Repeat the listing below line by line, exactly, leaving its pictures behind.

=== Source data ===

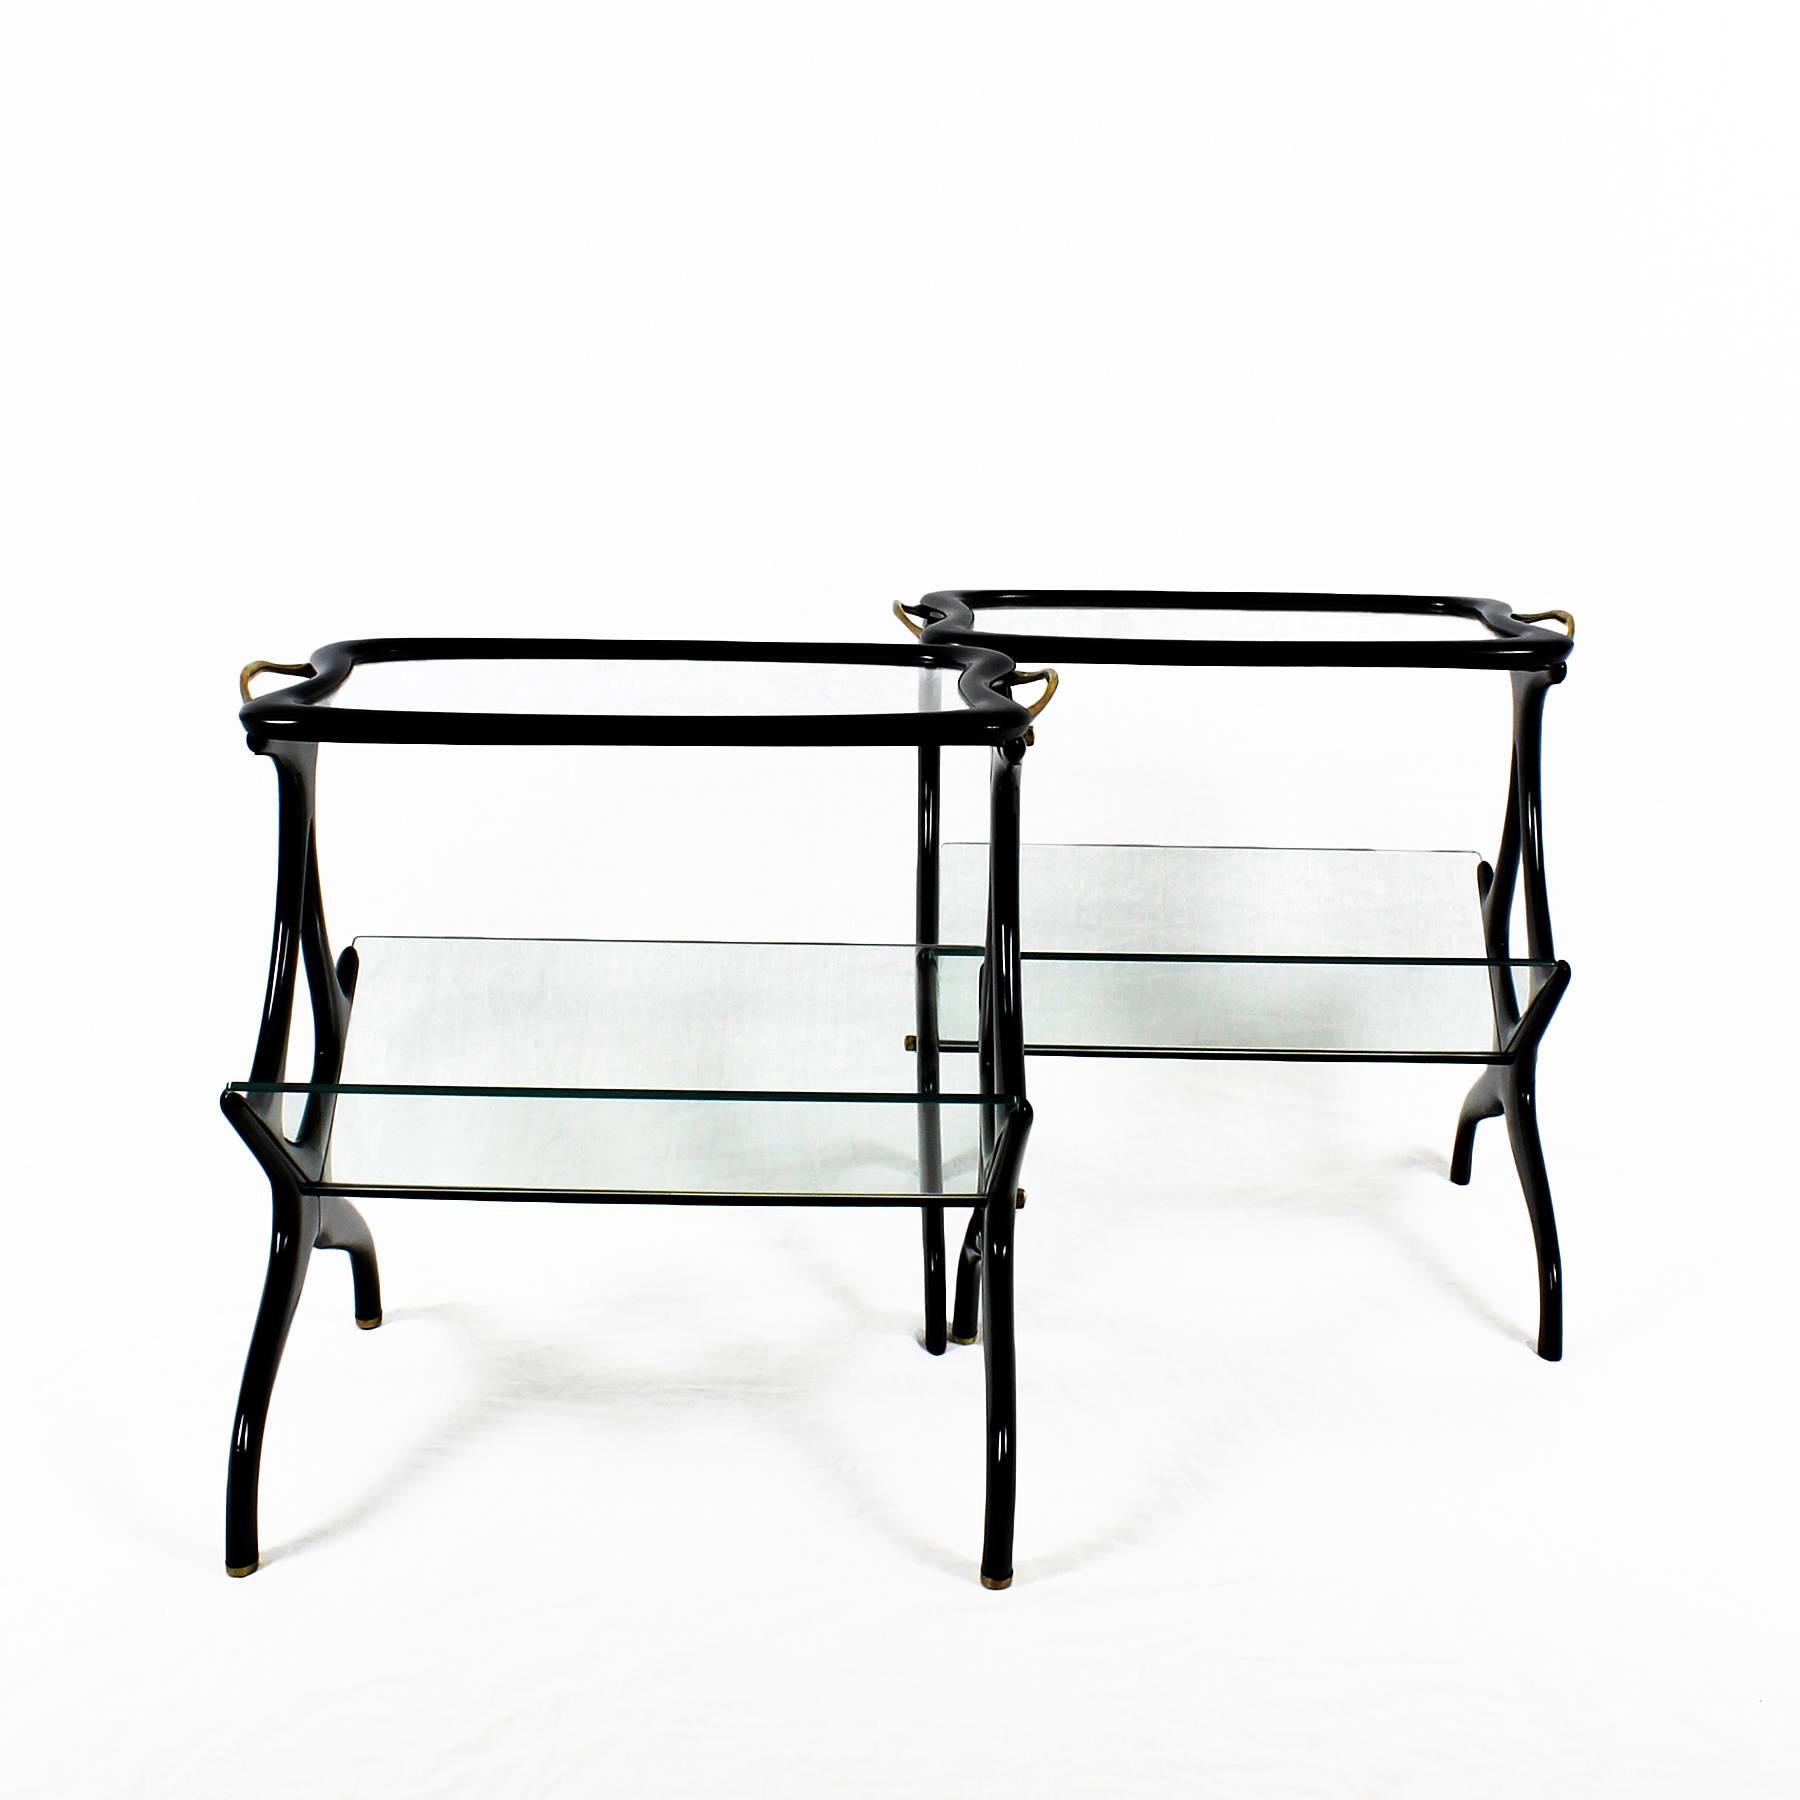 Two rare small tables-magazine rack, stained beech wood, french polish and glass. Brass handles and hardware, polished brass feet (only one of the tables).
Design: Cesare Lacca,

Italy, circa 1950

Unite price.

===

Output below:
 Two rare small tables-magazine rack, stained beech wood, french polish and glass. Brass handles and hardware, polished brass feet (only one of the tables).
Design: Cesare Lacca,

Italy, circa 1950

Unite price.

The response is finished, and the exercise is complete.